Raw data>
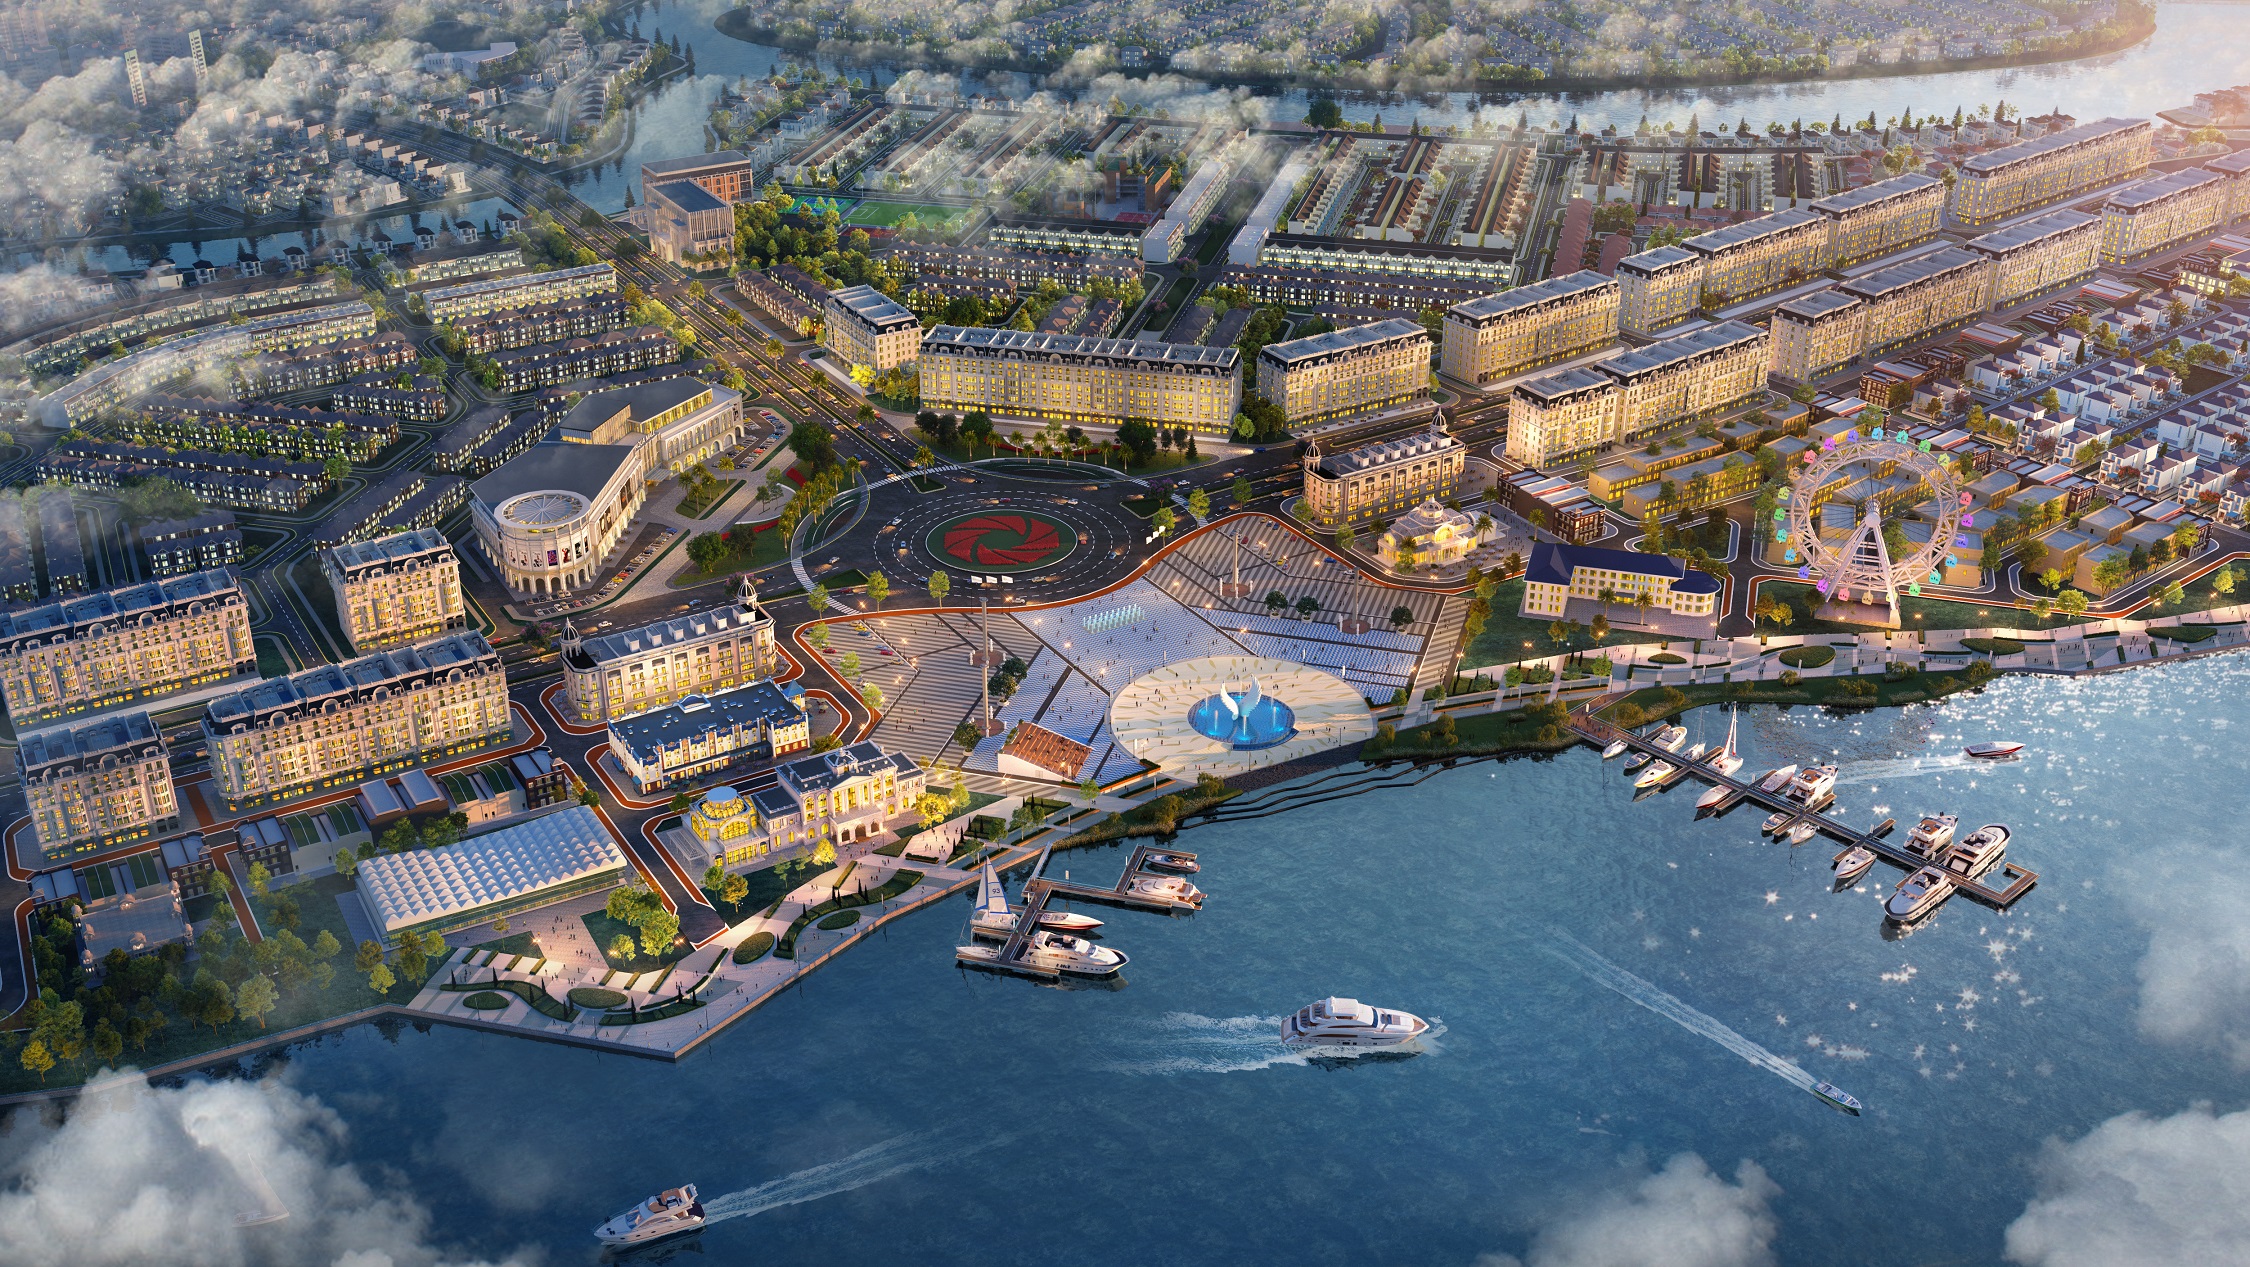 Tổ hợp quảng trường bến du thuyền Aqua Marina tại Aqua City dự kiến hoàn thiện vào quý 4.2021 kỳ vọng sẽ là điểm đến hấp dẫn và gia tăng trị BĐS nơi đây.
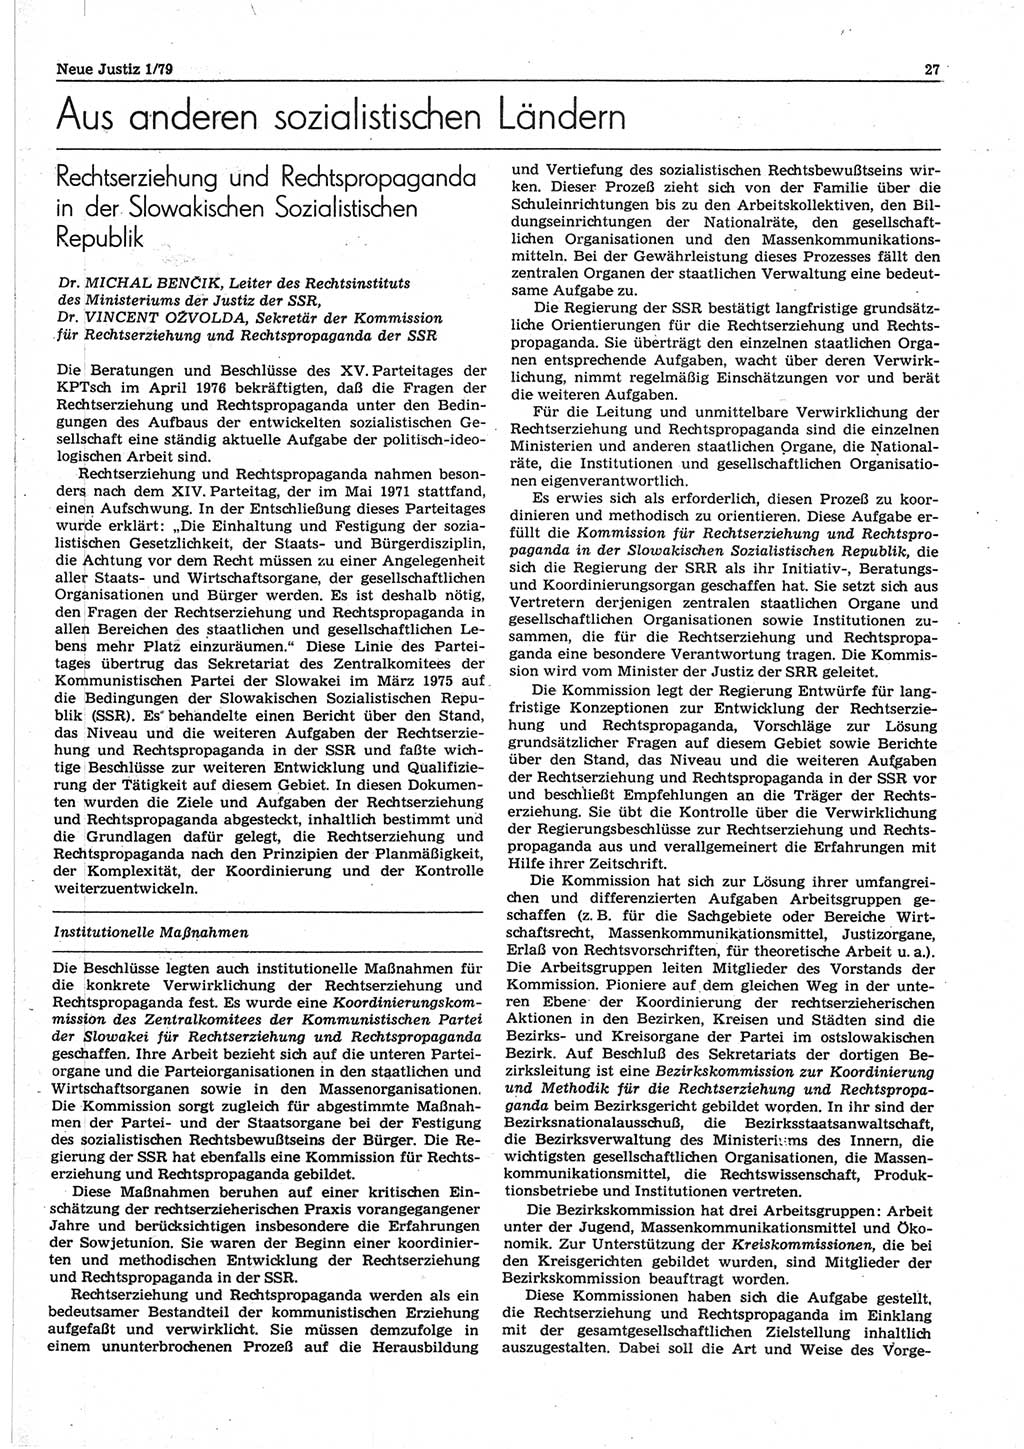 Neue Justiz (NJ), Zeitschrift für sozialistisches Recht und Gesetzlichkeit [Deutsche Demokratische Republik (DDR)], 33. Jahrgang 1979, Seite 27 (NJ DDR 1979, S. 27)
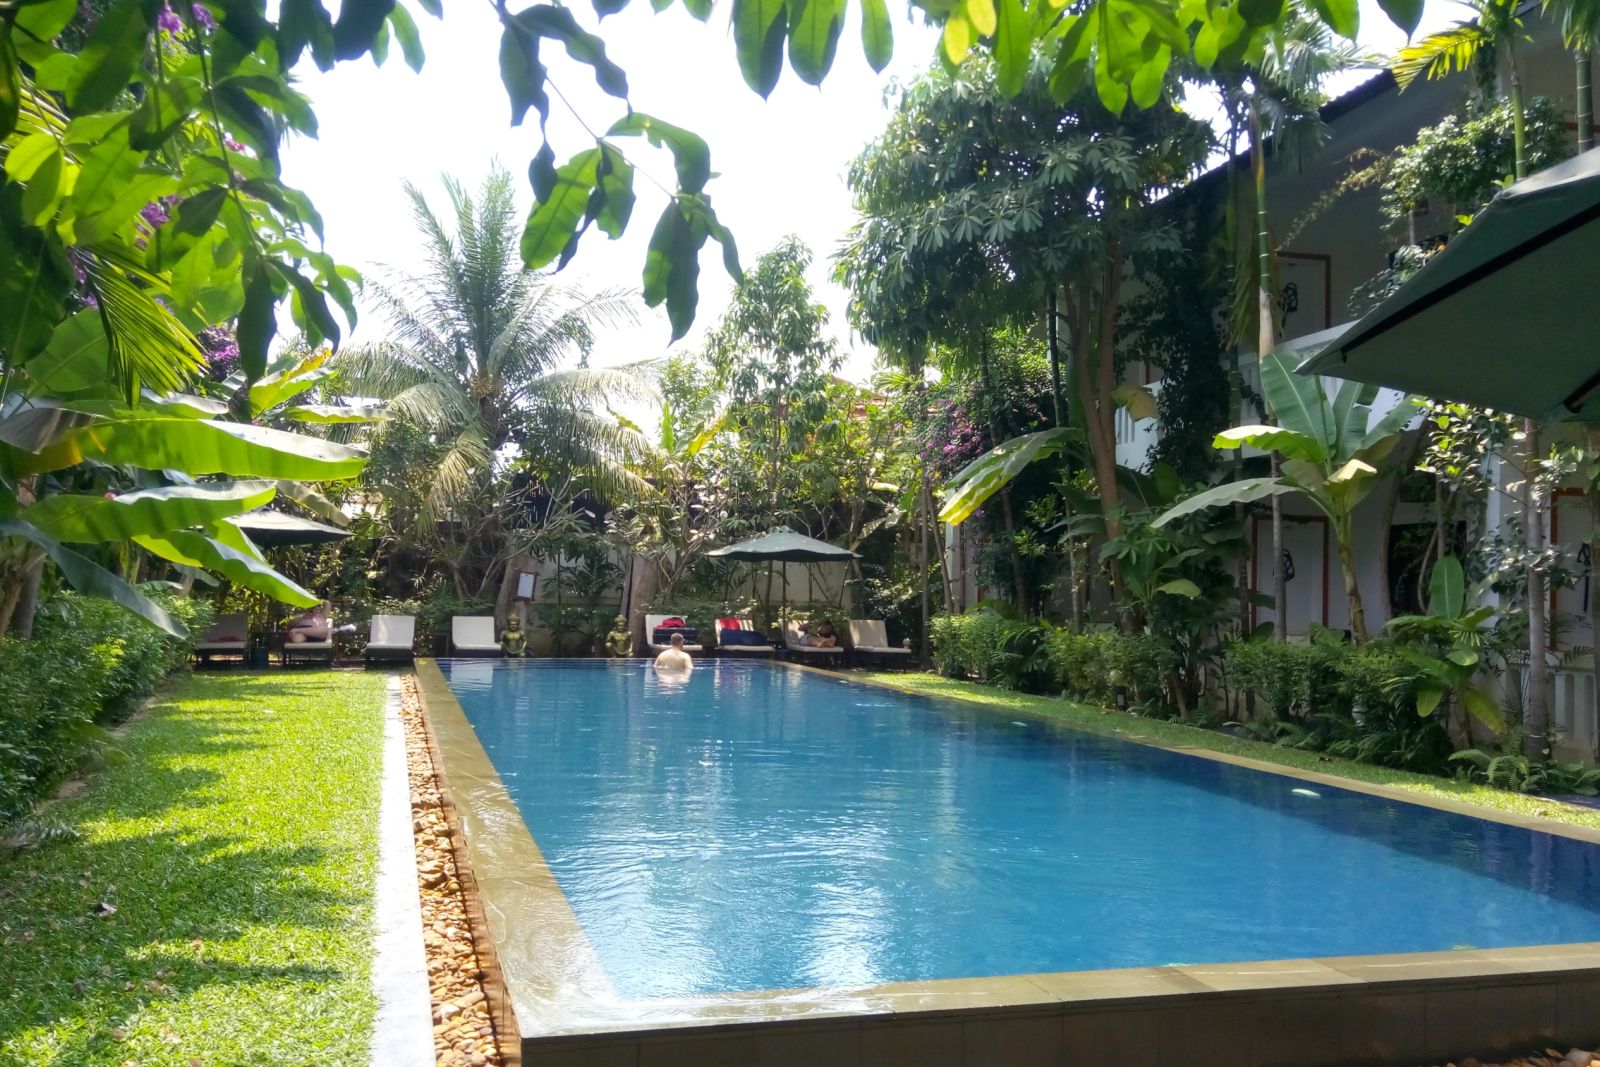 Schönes Hotel mit Pool zum Entspannen nach aktiven Tagen

What the task asks>
Could you copy exactly, and with no pictures, the lines above from the one containing "Neue Justiz (NJ), Zeitschrift" through the last line, both included?

Solved problem>
 Neue Justiz (NJ), Zeitschrift für sozialistisches Recht und Gesetzlichkeit [Deutsche Demokratische Republik (DDR)], 33. Jahrgang 1979, Seite 27 (NJ DDR 1979, S. 27)
 Schönes Hotel mit Pool zum Entspannen nach aktiven Tagen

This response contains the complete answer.